Comment from nh179379
Time February 25, 2009 at 10:59 am
Mr. Latham: Thank you for pointing out the misspelling of Wendy Challinor’s name. It has been corrected. WG
Comment from Terry Trent
Time February 25, 2009 at 5:41 pm
Dear Mr, Latham,
Thank you. Please note that Paul was not allowed as an “expert scientific witness”, that is for more reasons than meet the eye. In this case, there are some 90 or more “amphiboles” in our immediate world. Among those that are fibrous, all exhibit different disease causing potentials. Vastly different. Given that people’s lives may depend on terminology, and indeed they always have depended upon that in Libby, one might do better to listen to a real scientist, (none of which are in the government’s case because they have all been trained to not say anything other than “asbestos”) and call your material “fibrous Tremolite”.
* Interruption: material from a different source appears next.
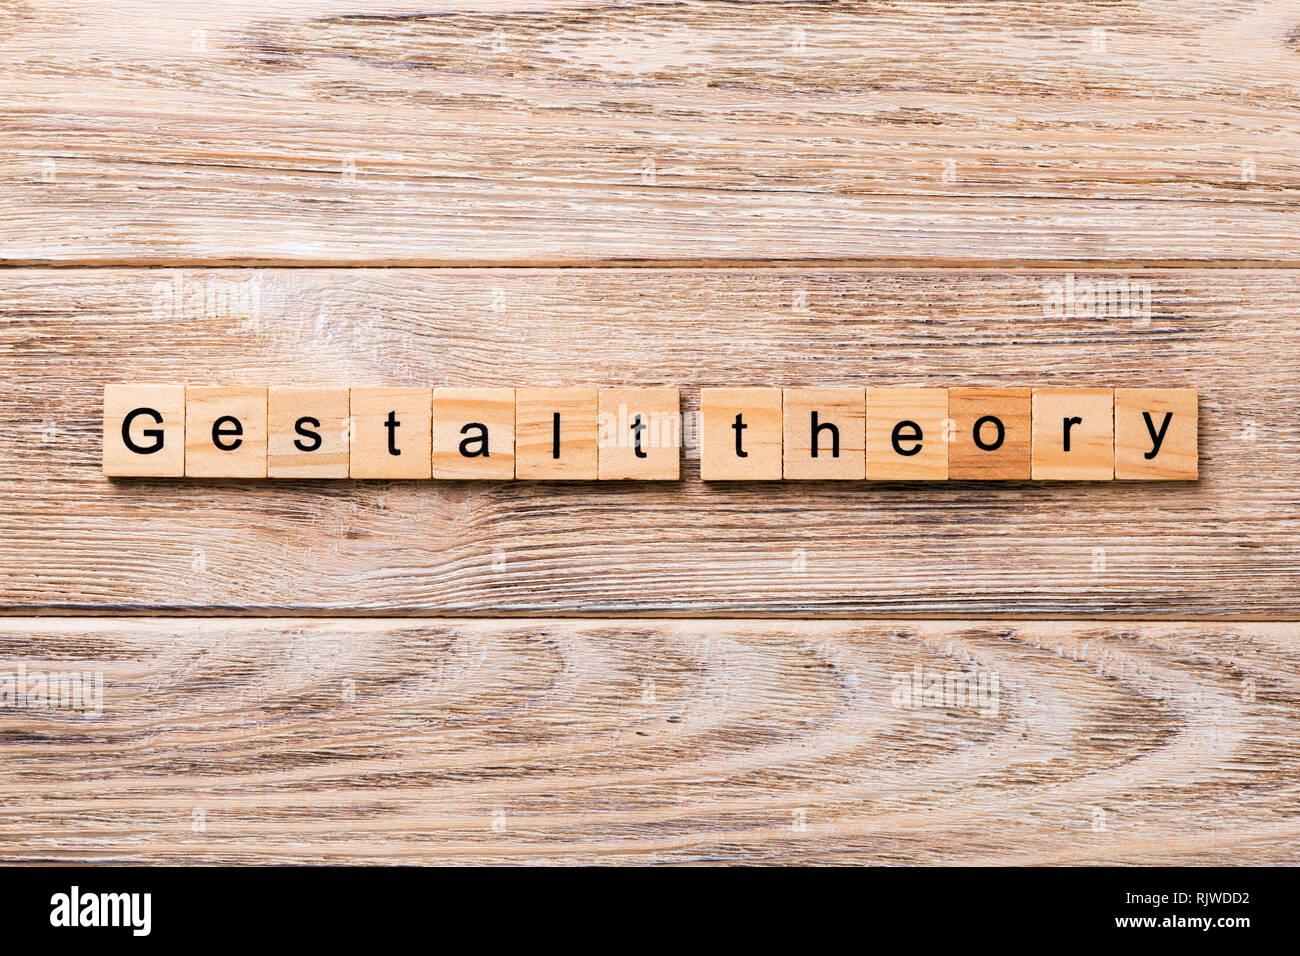 Teoria della gestalt, la parola scritta sul blocco di legno. teoria della Gestalt testo sul tavolo in legno per il desing, concetto. Immagini Stock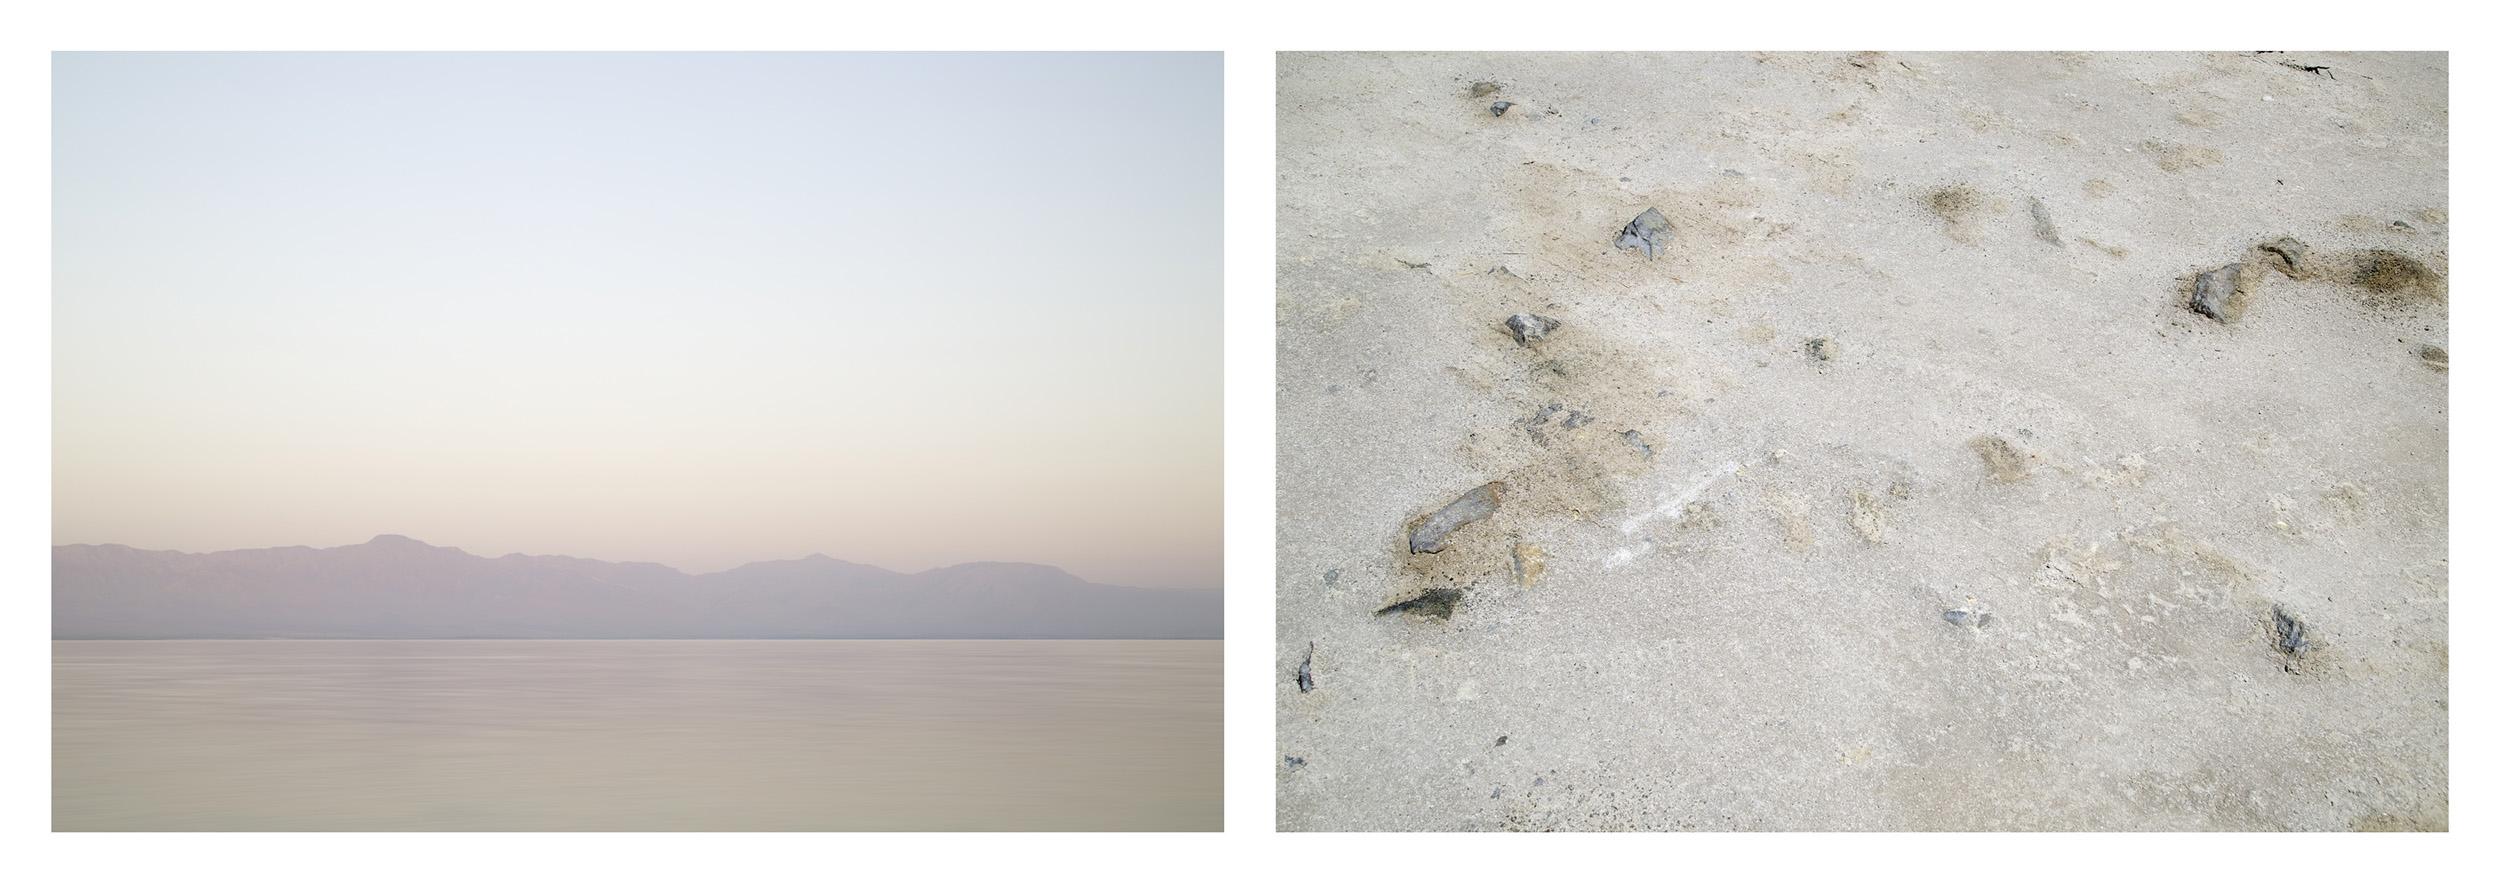 Salton Sea No. 3,  California,2014

Not that the government cares all that much about semantics, they just care that you don’t care enough about semantics to get over this HUGE hump in thinking. Everybody in the United States, at the 99% level, needs to learn as soon as humanly possible that there is a vast difference between being exposed to “fibrous Tremolite” and “asbestos” and an even larger difference of being exposed to “amphibole”. And a huge reason, that is not in your best interests, why the government chooses not to use the correct and far more specific terminology.
Best regards
Pingback from WitnessLA.com » Blog Archive » Social Justice Shorts
Time April 16, 2009 at 2:43 pm
[...] FORMER LITTLE LEAGUERS TAKE THE STAND AGAINST A.R. [...]
Comment from Terry Trent
Time February 24, 2009 at 7:11 pm
Please everyone note that this case is about “TREMOLITE”. That is different than “asbestos”. The government in presenting it’s case in terms of “asbestos” is not simply just in error, not simply just hiding behind the word “asbestos” but is indeed lying every time they open their mouths. There is a much much larger picture here than the misconduct of a few Grace employees…..there is a concerted effort conducted by the governemnt to mislead eveyone in America…..and they do that via the word “asbestos”.